William Benjamin Arce Jr., a pioneering college baseball coach and legendary international ambassador for the sport with Hawaii ties, has died.
He was 90.
Arce was the founding athletic director and baseball coach at Claremont Colleges in Calif., where he had a 606-472-7 record and earned a place in the American Baseball Coaches Association Hall of Fame in 1982 and won the prestigious Lefty Gomez Award in 2001 for contributions to the college game.
Stuart Ho, a Claremont graduate, recalls, “Arce was hired around 1956 to put together a baseball team. We had at the time no gym, no locker room, and no athletic field, but CMC did own a huge piece of flat real estate across from the dorms, and that was good enough for Arce.”
Ho said, “… Anything CMC has today in the way of athletics started with Arce. He was a true pioneer. He was given a big, empty field and told to make something happen. Everyone on campus knew that’s all he had to work with, and that’s probably why he was so admired by generations of students. Entrepreneurship was always CMC’s mantra, and oddly Arce was proof of what the school was supposed to be about.”

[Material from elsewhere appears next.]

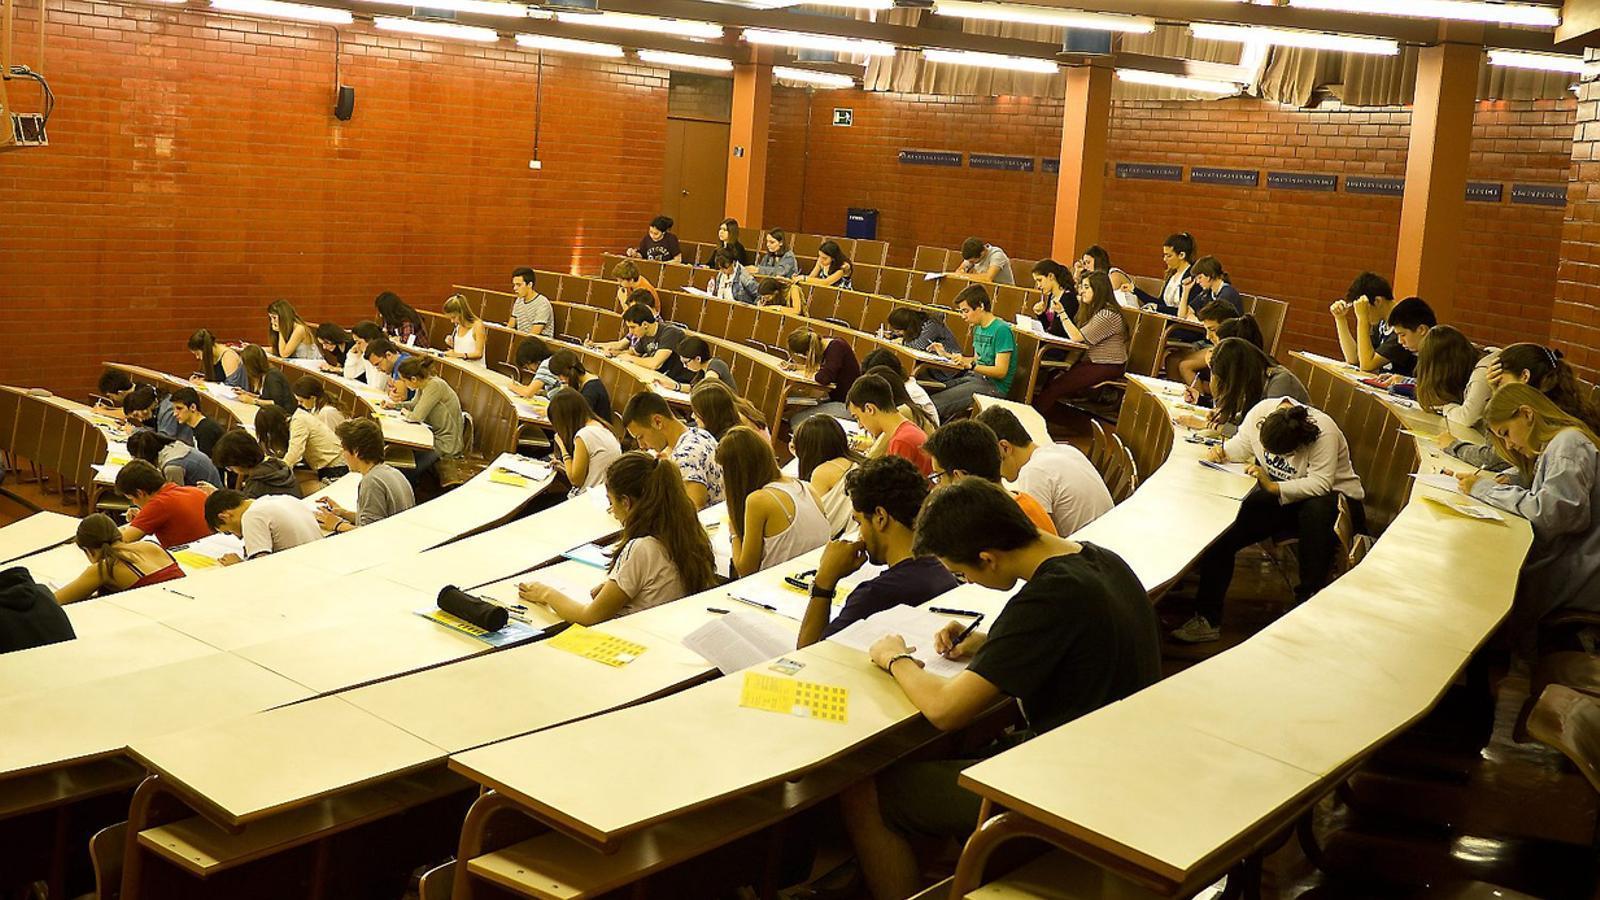 Les 5 universitats públiques valencianes fan aquesta setmana les proves d'accés a la universitat.

Arce learned the game from his father, Bill Sr., a veteran of the Hawaii Baseball League.
A veteran of the Battle of the Bulge in World War II, Arce Jr. returned to Europe in the 1960s and ’70s to hold baseball clinics and coached national teams in the Netherlands, France and Italy, leading each of them to European Championships.
BaseballReference.com says he taught or coached the sport in 15 European countries as well as China. He also coached Team USA and founded the International Sports Group.
Businessman Duane Kurisu, a part owner of the San Francisco Giants and founder of Hawaii Winter Baseball, said, “Bill Arce was a baseball man’s baseball man, a true ambassador of the game. We could spend hours talking baseball with him and wonder where the time all went. He was a mentor and friend to so many people and you can count me as one of them.”